(Records from a data source)
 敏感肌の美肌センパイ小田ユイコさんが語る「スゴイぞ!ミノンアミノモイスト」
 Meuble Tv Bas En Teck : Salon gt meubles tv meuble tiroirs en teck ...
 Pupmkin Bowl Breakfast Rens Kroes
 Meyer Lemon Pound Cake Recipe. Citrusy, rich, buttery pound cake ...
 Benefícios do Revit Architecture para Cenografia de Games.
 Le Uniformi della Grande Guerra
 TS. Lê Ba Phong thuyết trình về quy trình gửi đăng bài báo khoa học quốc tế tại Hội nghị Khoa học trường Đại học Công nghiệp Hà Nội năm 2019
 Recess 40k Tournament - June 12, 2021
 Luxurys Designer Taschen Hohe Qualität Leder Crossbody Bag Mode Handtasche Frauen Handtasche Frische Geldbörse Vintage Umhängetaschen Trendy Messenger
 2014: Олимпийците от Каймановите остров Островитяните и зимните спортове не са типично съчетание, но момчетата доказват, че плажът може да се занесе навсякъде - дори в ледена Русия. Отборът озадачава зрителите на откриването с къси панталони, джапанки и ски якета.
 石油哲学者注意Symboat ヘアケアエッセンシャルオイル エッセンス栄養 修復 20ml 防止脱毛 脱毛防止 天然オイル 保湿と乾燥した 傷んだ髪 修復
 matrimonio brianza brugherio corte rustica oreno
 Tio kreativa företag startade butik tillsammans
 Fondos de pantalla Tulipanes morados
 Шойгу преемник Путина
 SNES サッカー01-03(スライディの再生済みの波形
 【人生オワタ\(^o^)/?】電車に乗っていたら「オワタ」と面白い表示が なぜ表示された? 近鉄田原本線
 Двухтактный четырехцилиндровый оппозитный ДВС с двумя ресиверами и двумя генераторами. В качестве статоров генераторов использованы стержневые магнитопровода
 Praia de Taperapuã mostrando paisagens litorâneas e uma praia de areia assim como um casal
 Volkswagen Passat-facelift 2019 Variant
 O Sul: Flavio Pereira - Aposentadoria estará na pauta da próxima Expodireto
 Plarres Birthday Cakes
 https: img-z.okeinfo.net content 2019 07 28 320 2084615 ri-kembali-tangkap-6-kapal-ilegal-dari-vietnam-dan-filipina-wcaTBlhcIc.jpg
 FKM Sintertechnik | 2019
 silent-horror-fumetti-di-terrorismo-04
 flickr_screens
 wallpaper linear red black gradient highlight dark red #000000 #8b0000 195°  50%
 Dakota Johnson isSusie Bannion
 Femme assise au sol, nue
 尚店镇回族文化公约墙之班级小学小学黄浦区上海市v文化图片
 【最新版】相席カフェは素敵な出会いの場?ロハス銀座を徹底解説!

**Exercise**
The line with "尚店镇回族文化公约墙之班级小学小学黄浦区上海市v文化图片", the last line of the data above, and every line between them should be duplicated exactly, with nothing else.

**Solution below**
 尚店镇回族文化公约墙之班级小学小学黄浦区上海市v文化图片
 【最新版】相席カフェは素敵な出会いの場?ロハス銀座を徹底解説!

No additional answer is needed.